» **WHAT THE TASK ASKS**
Transcribe this listing exactly; omit the pictures.

» **DATA SHOWN**
·····
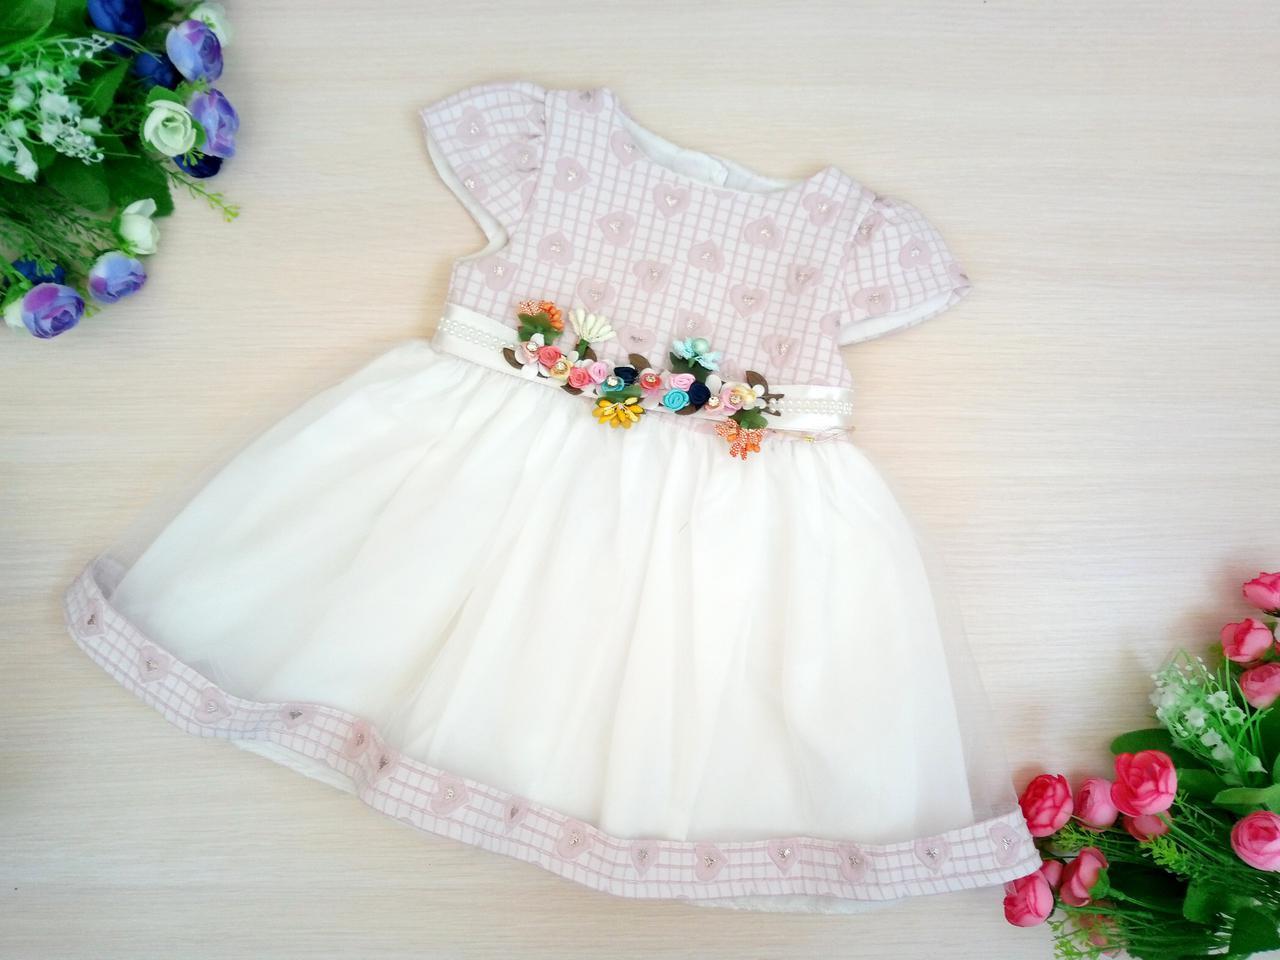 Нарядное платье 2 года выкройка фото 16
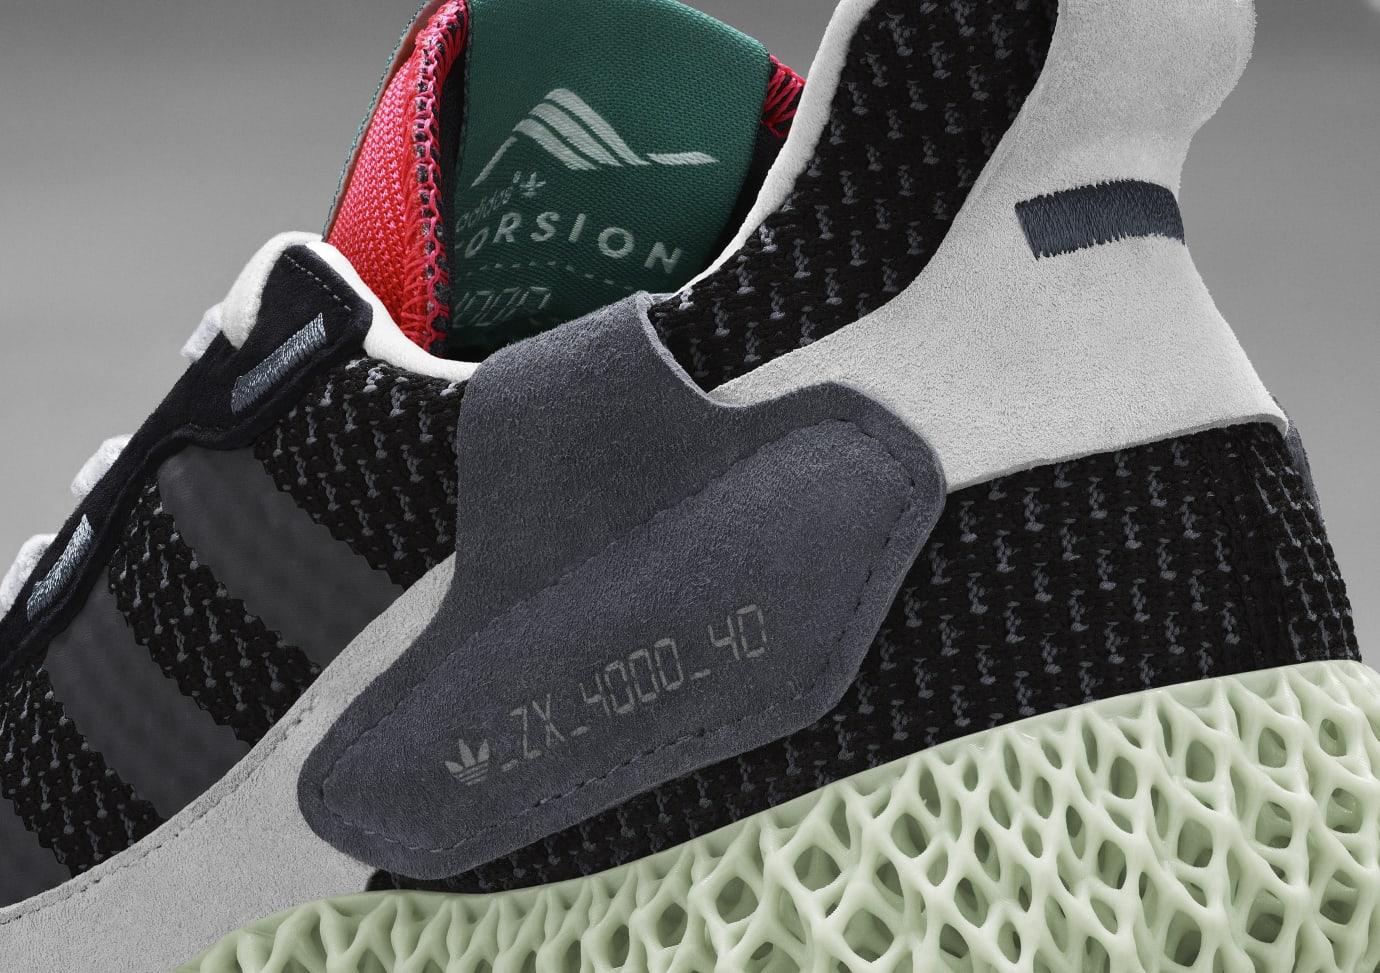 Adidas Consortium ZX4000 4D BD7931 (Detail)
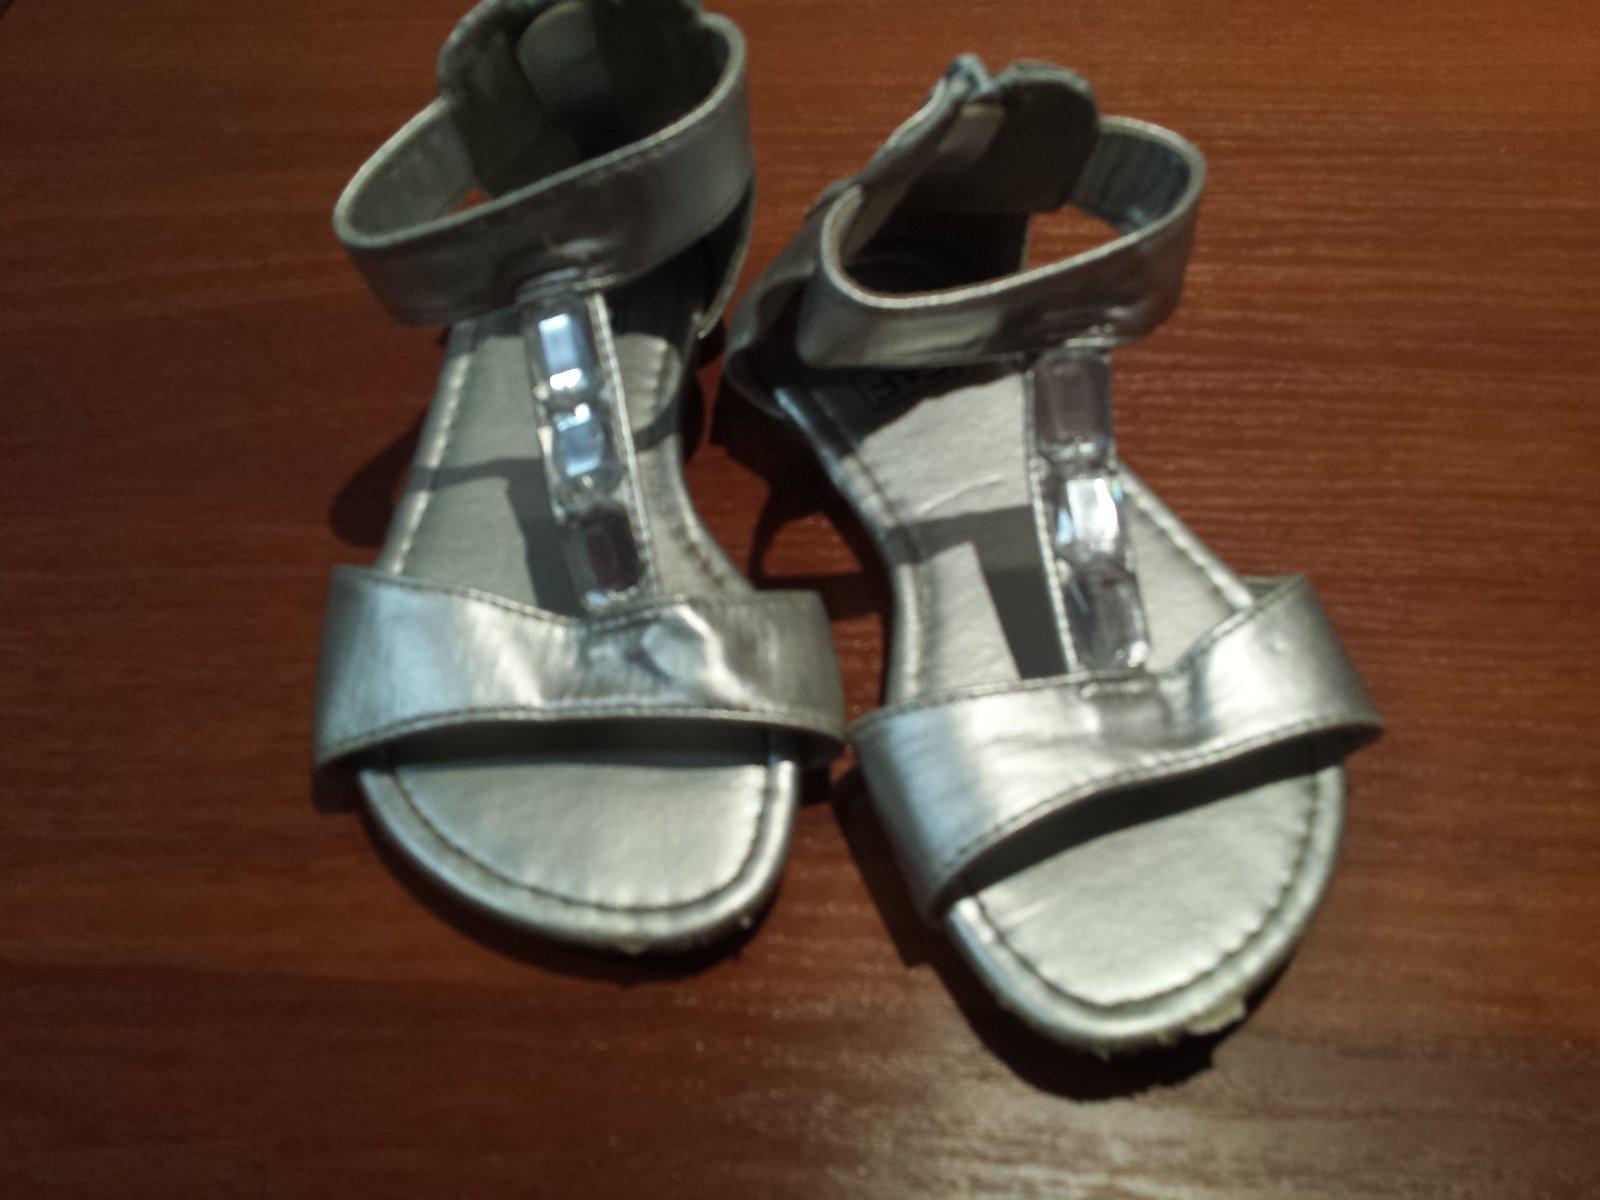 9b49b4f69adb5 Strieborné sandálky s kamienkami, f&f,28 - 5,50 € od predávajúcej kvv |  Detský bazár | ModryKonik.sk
·····
» **TASK RESULT**
 Нарядное платье 2 года выкройка фото 16
 Adidas Consortium ZX4000 4D BD7931 (Detail)
 9b49b4f69adb5 Strieborné sandálky s kamienkami, f&f,28 - 5,50 € od predávajúcej kvv |  Detský bazár | ModryKonik.sk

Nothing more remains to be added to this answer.